The 68000 has a 32-bit instruction set, with 32-bit registers and a 16-bit internal data bus. The address bus is 24-bit and does not use memory segmentation, making it easier to address memory. There are three ALU's (Arithmetic Logic Unit), two for calculating addresses, and one for data, and the chip has a 16-bit external address bus.

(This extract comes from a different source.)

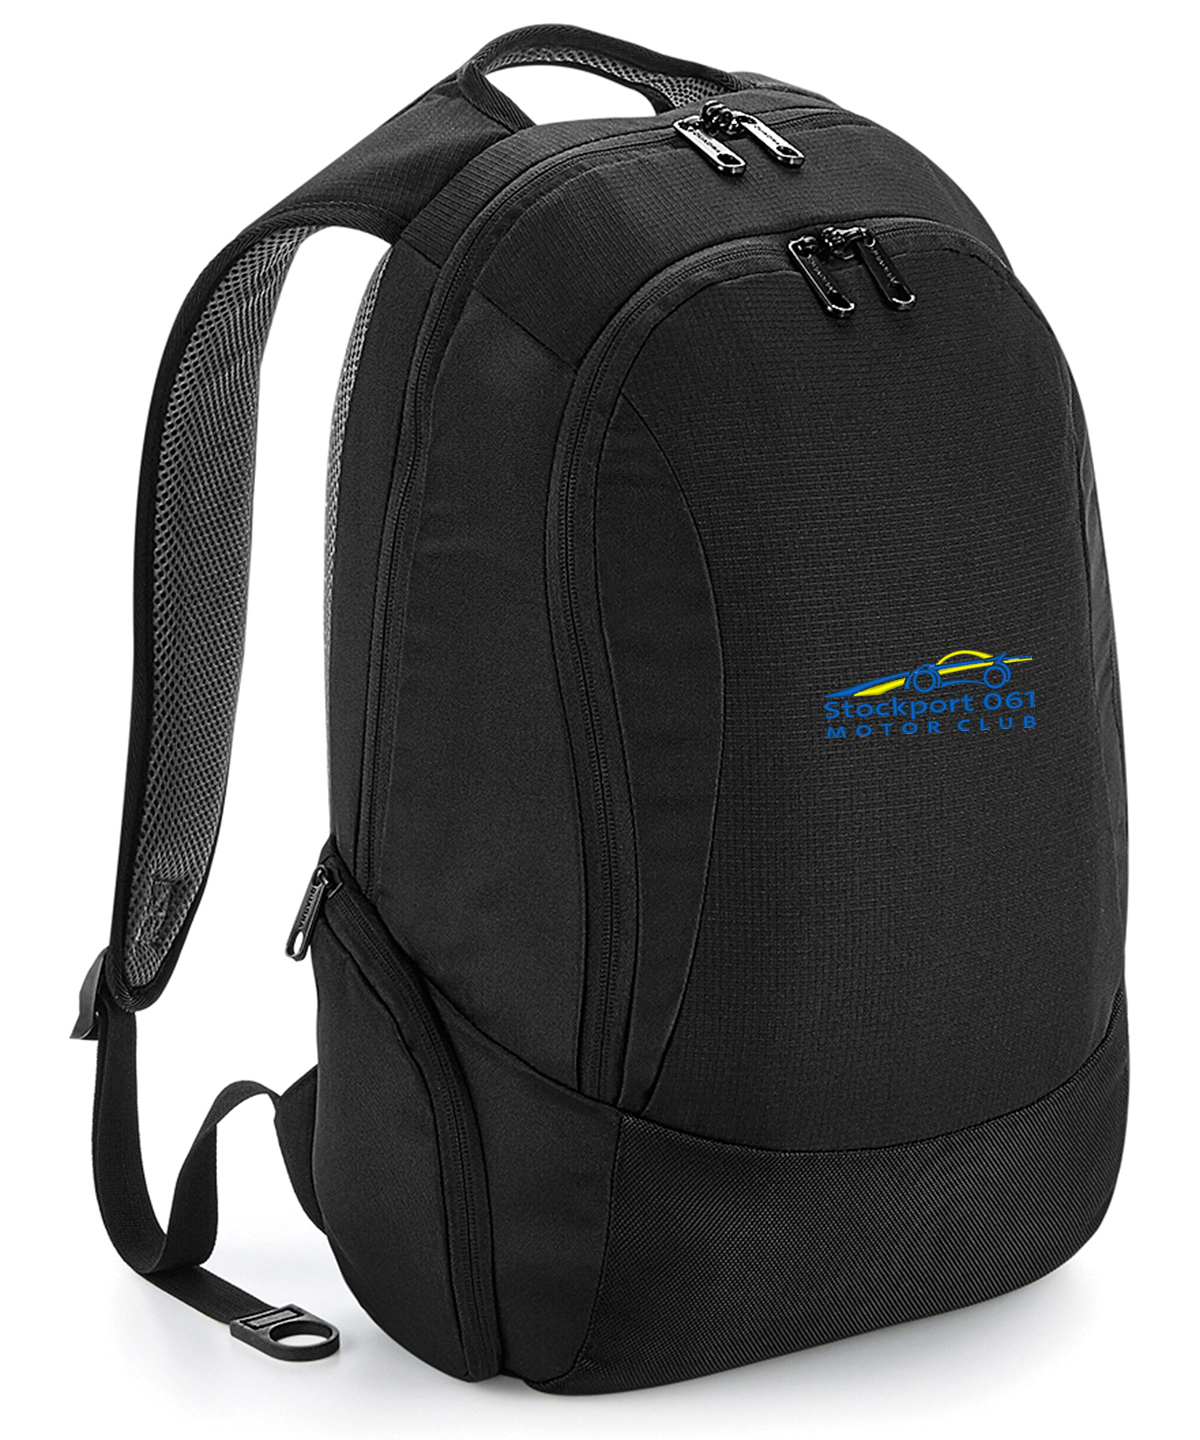 Bag Laptop – STK061

The 68000 architecture was expanded with 32-bit ALUs, and caches. Here is a list with some 680x0 versions and their major improvements:

• 68010 - Virtual memory support
• 68020 - 32-bit ALU & Instruction Cache
• 68030 - On-Chip MMU, 2x 256 byte cache
• 68040 - 2x 4K Cache, 6 stage pipeline, FPU
• 68LC040 - No Floating Point Unit (FPU)
• 68060 - 2x 8K Cache, 10 stage pipelinet

Source: WikiPedia - Motorola 6800
Source: WikiPedia - 68000 Series

The Z80 quickly became popular in the personal computer market, with many early personal computers, such as the TRS-80 and Sinclair ZX80, using the Z80 as their central processing unit (CPU). It was also widely used in home computers, such as the MSX range, SORD, and the Amstrad CPC, as well as in many arcade games. Additionally, it was also used in other applications such as industrial control systems, and embedded systems. The Z80 was widely used until the mid-1980s, when it was gradually replaced by newer microprocessors such as the Intel 80286 and the Motorola 68000.

The Z80 microprocessor was developed by Zilog, a company founded by Federico Faggin in 1974. The Z80 was released in July 1976, as a successor to the Intel 8080. It was designed to be fully compatible with the 8080, but also included new features such as an improved instruction set, more powerful interrupts, and a more sophisticated memory management system.

The Z80 quickly became popular in the personal computer market, with many early personal computers, such as the TRS-80 and Sinclair ZX80, using the Z80 as their central processing unit (CPU). It was also widely used in home computers, such as the MSX range, SORD, and the Amstrad CPC, as well as in many arcade games. Additionally, it was also used in other applications such as industrial control systems, and embedded systems. The Z80 was widely used until the mid-1980s, when it was gradually replaced by newer microprocessors such as the Intel 80286 and the Motorola 68000. The design was licensed to Synertek and Mostek as well as the European SGS.

The Z80s instruction set is binary compatible with the Intel 8080, so that 8080 code such as the CP/M Operating System and Intel's PL/M compiler for the 8080 can run unmodified on the Z80. The Z80 had many enhancements over the 8080 such as 16-bit data movement instructions, block copy and block I/O instructions, single bit addressing of all registers, IX/IY offset registers, better interrupt system and a complete duplicate register file for context switching during an interrupt.